DATA SHOWN:
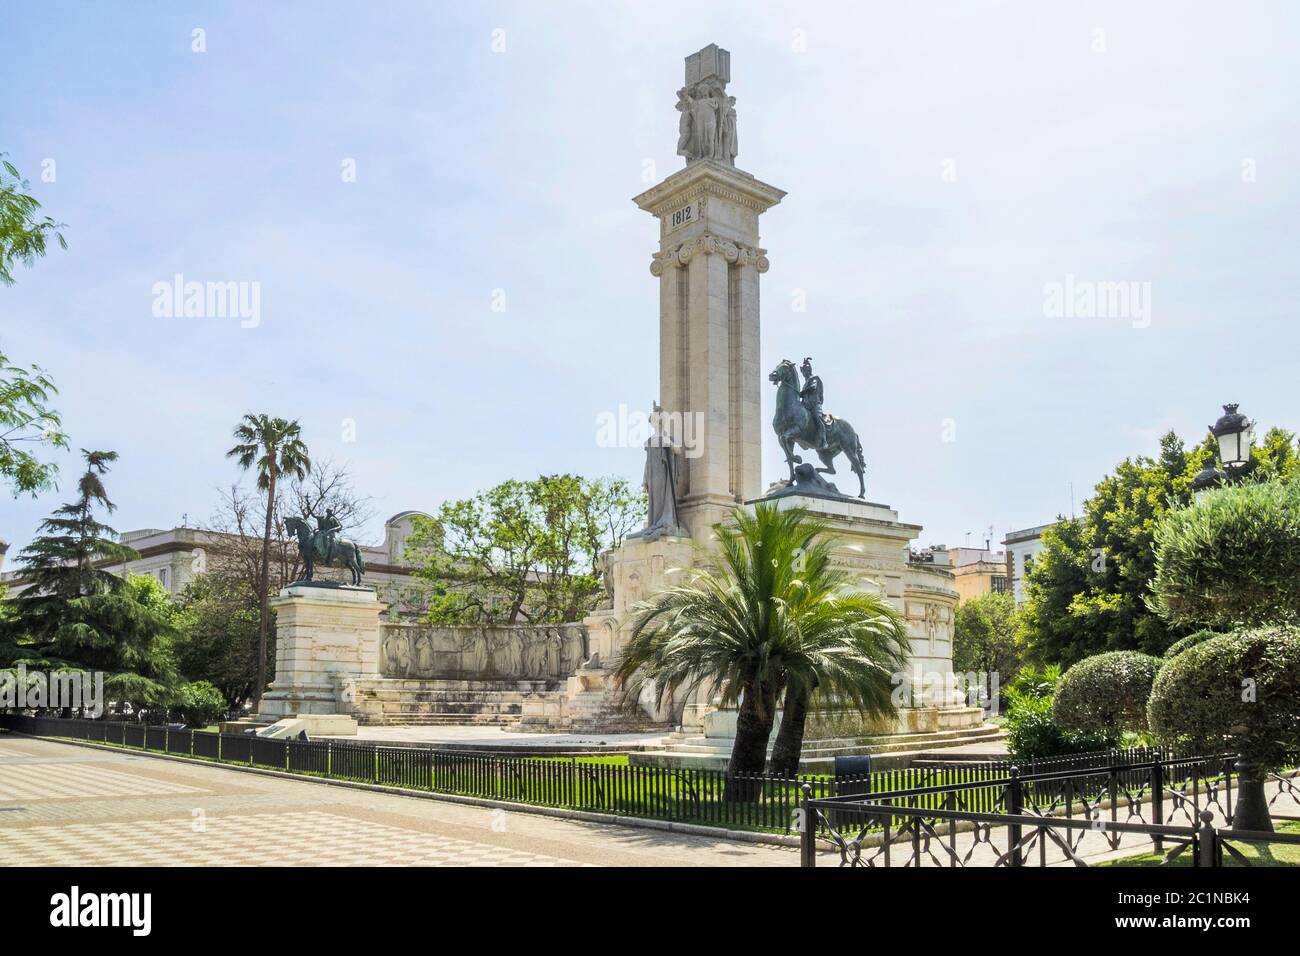 Spain, Cadiz - Monument to the Constitution of 1812 Stock Photo
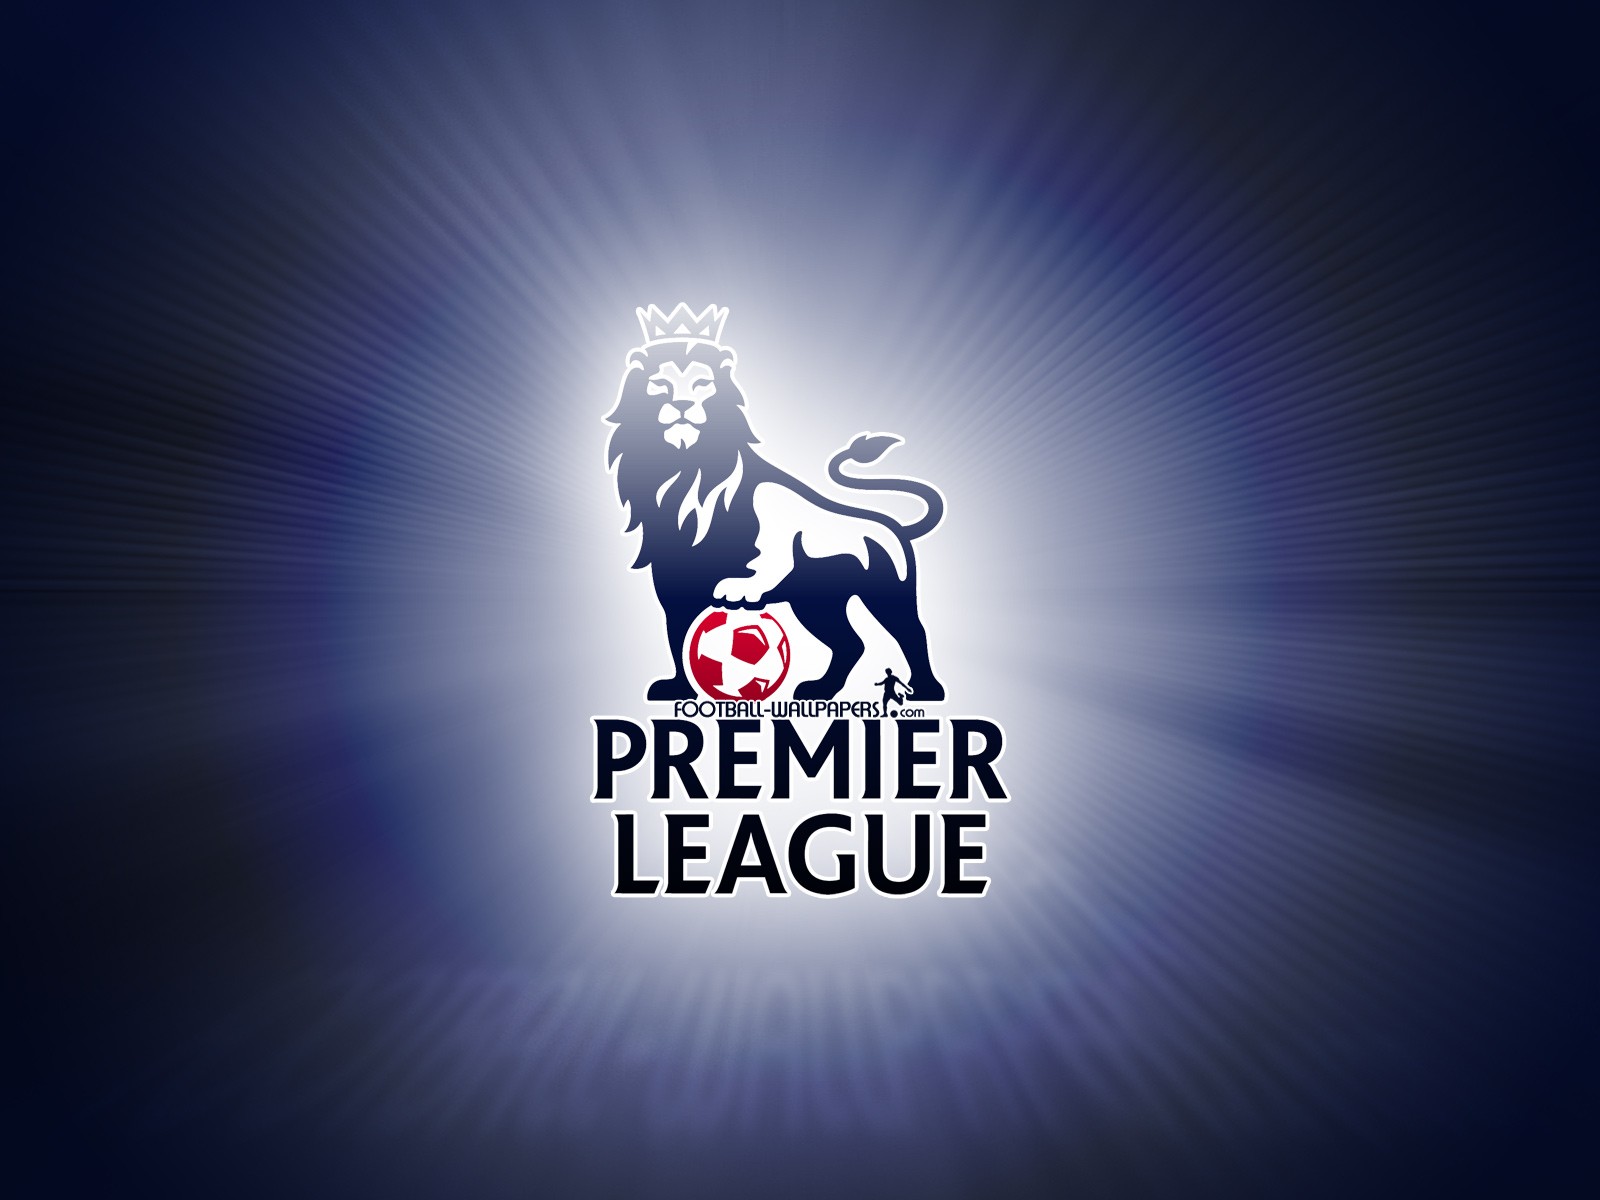 English Premier League breaks its own transfer record 234sport
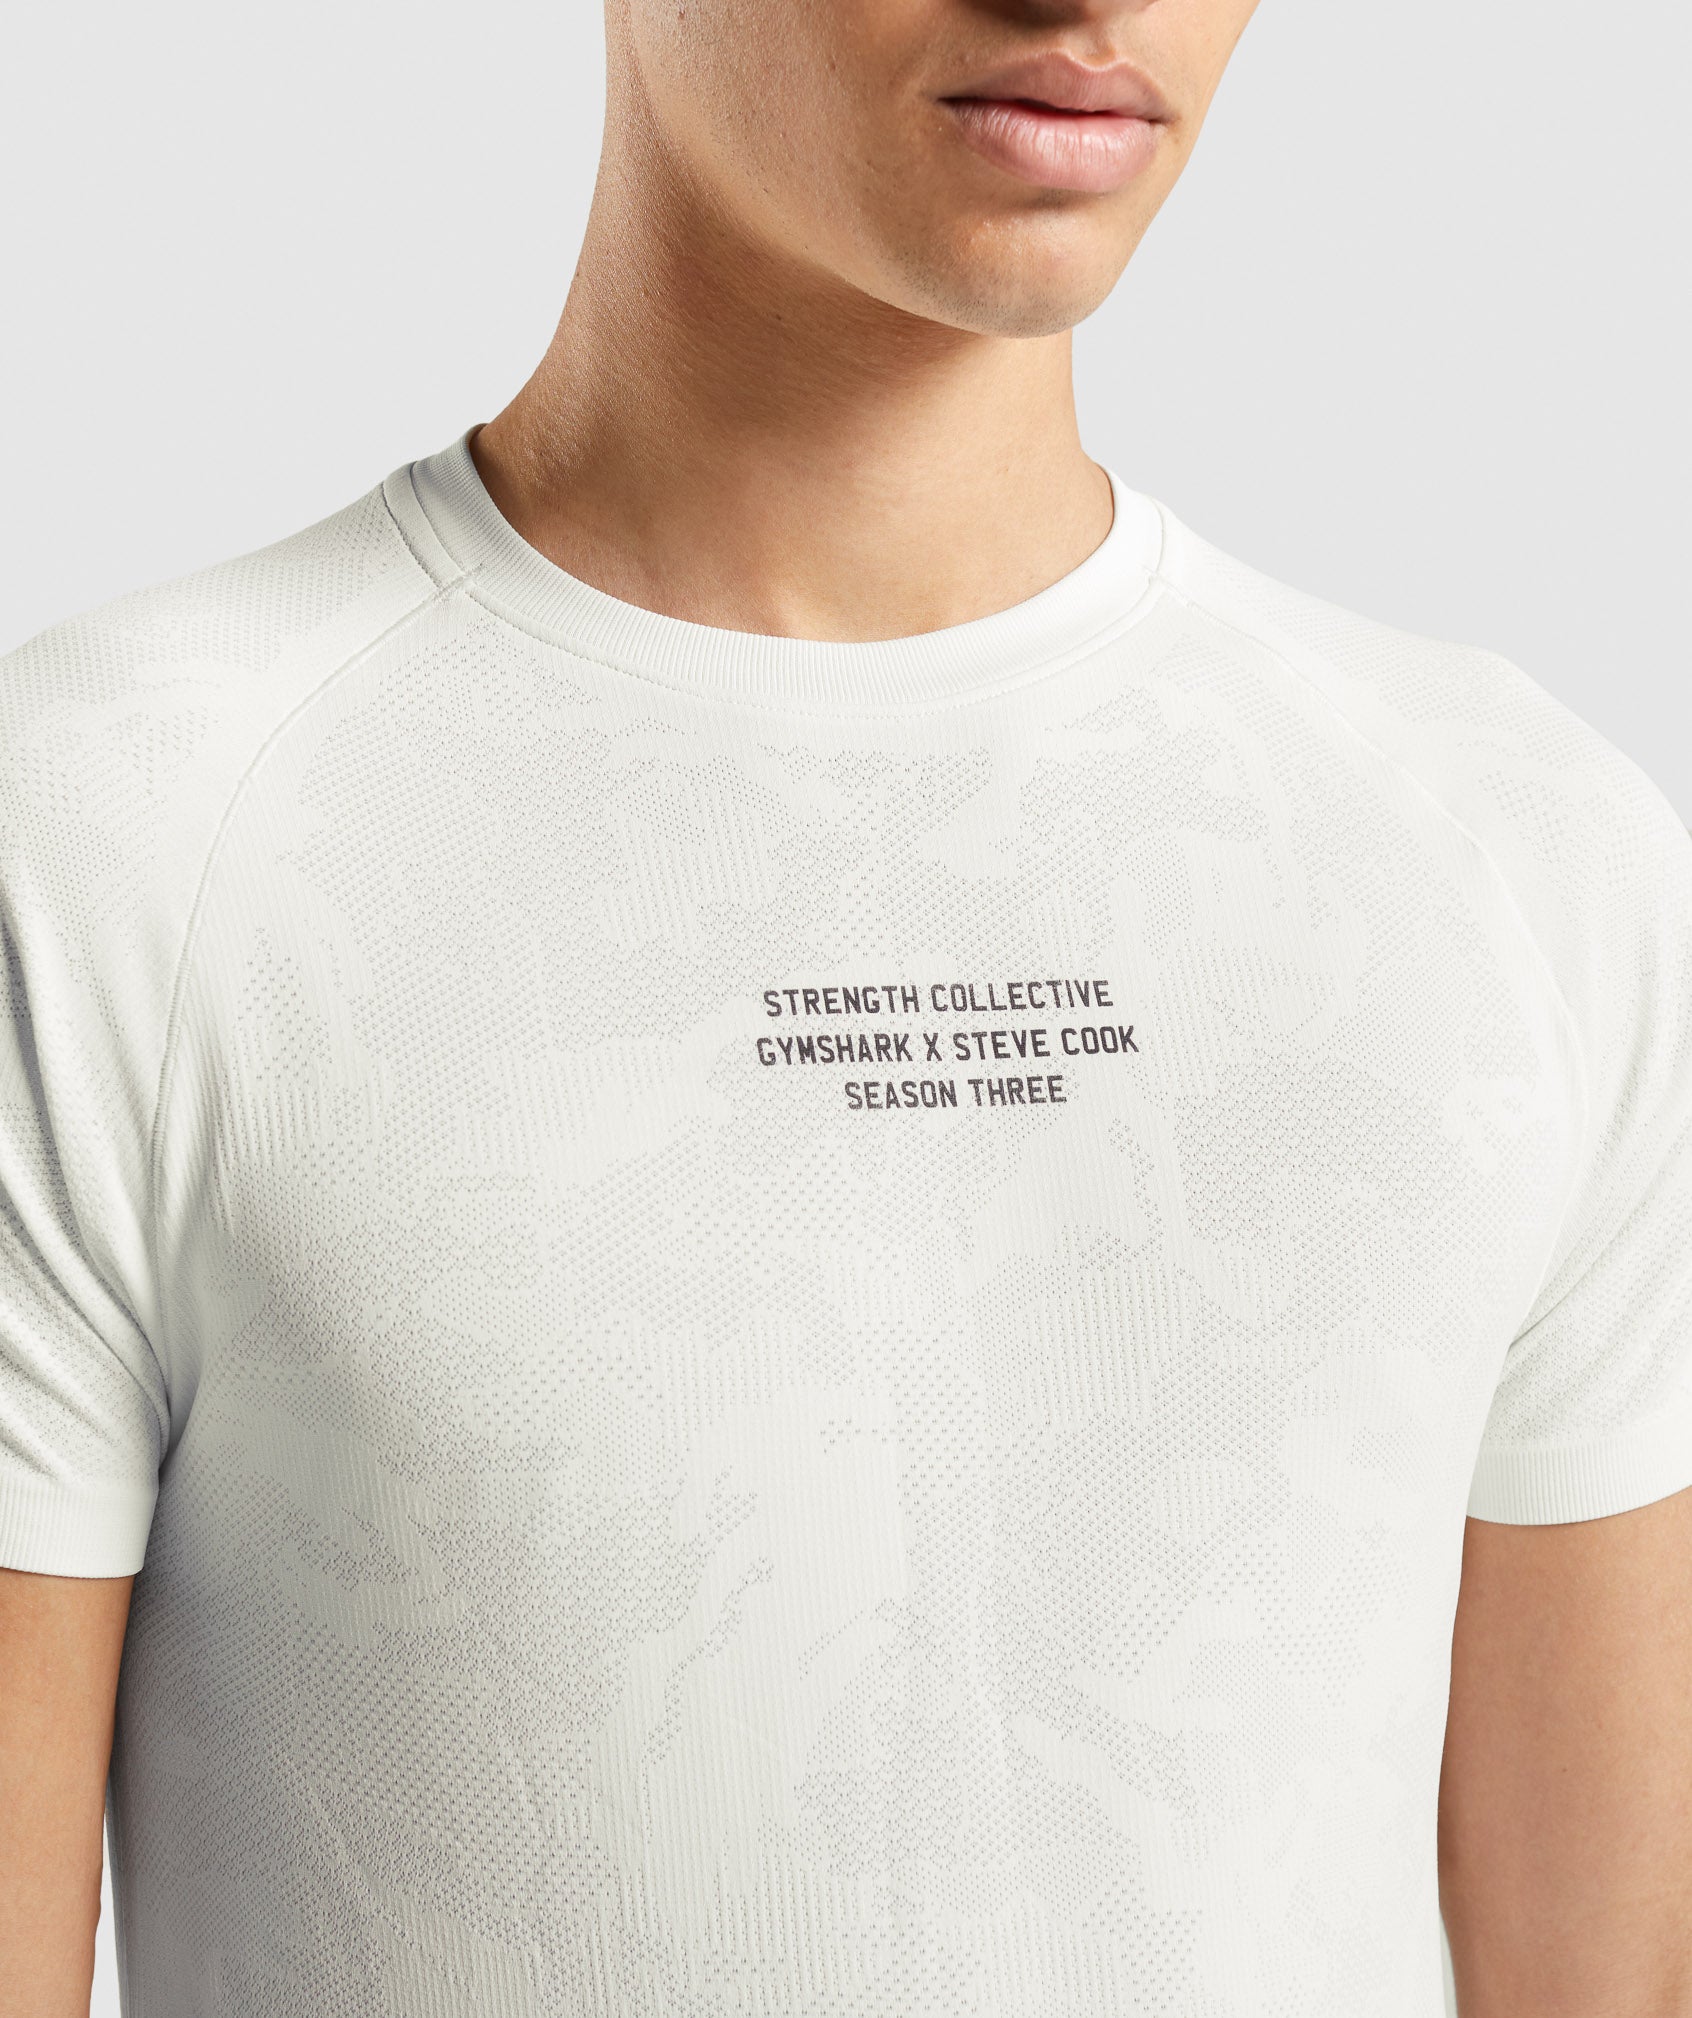 Gymshark//Steve Cook Seamless T-Shirt in Off White/Light Grey - view 6
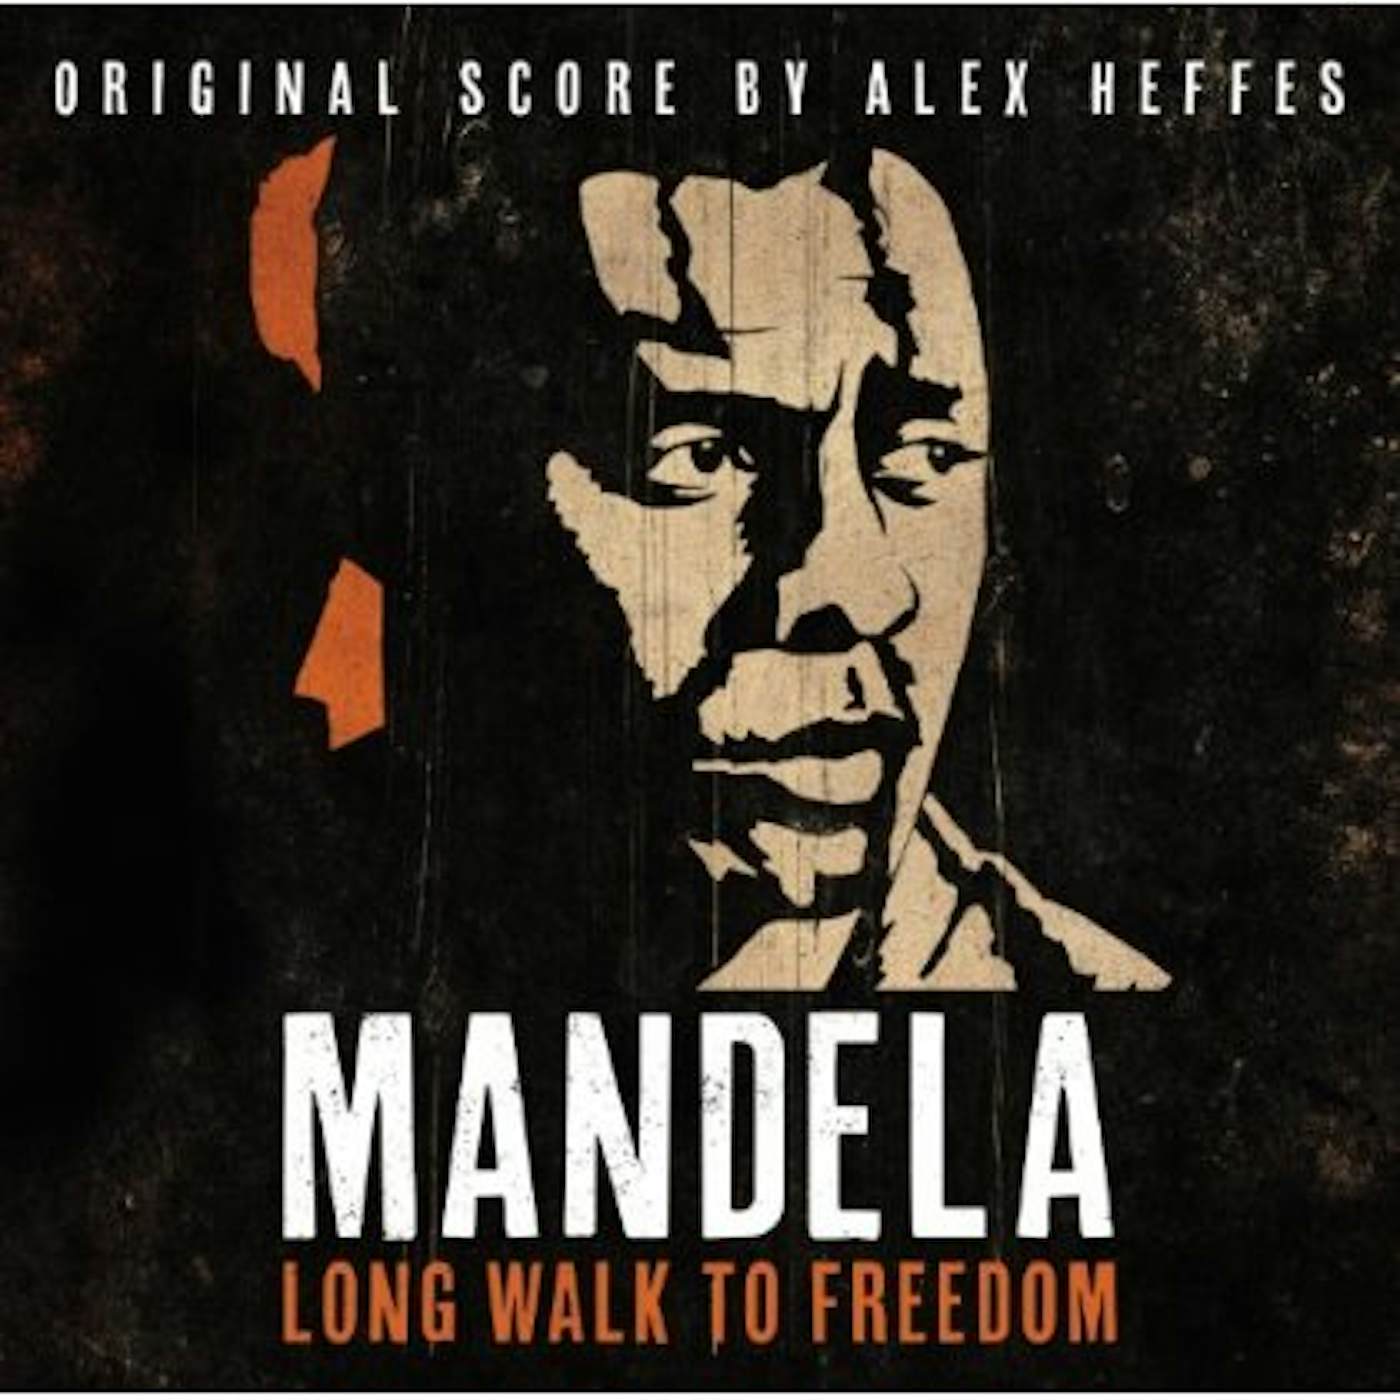 Alex Heffes MANDELA: LONG WALK TO FREEDOM (SCORE) / Original Soundtrack CD

GOAL OF THE EXERCISE:
Set down all of the material above exactly as written, leaving the pictures out.

TASK ANSWER:
 Spain, Cadiz - Monument to the Constitution of 1812 Stock Photo
 English Premier League breaks its own transfer record 234sport
 Gymshark//Steve Cook Seamless T-Shirt in Off White/Light Grey - view 6
 Alex Heffes MANDELA: LONG WALK TO FREEDOM (SCORE) / Original Soundtrack CD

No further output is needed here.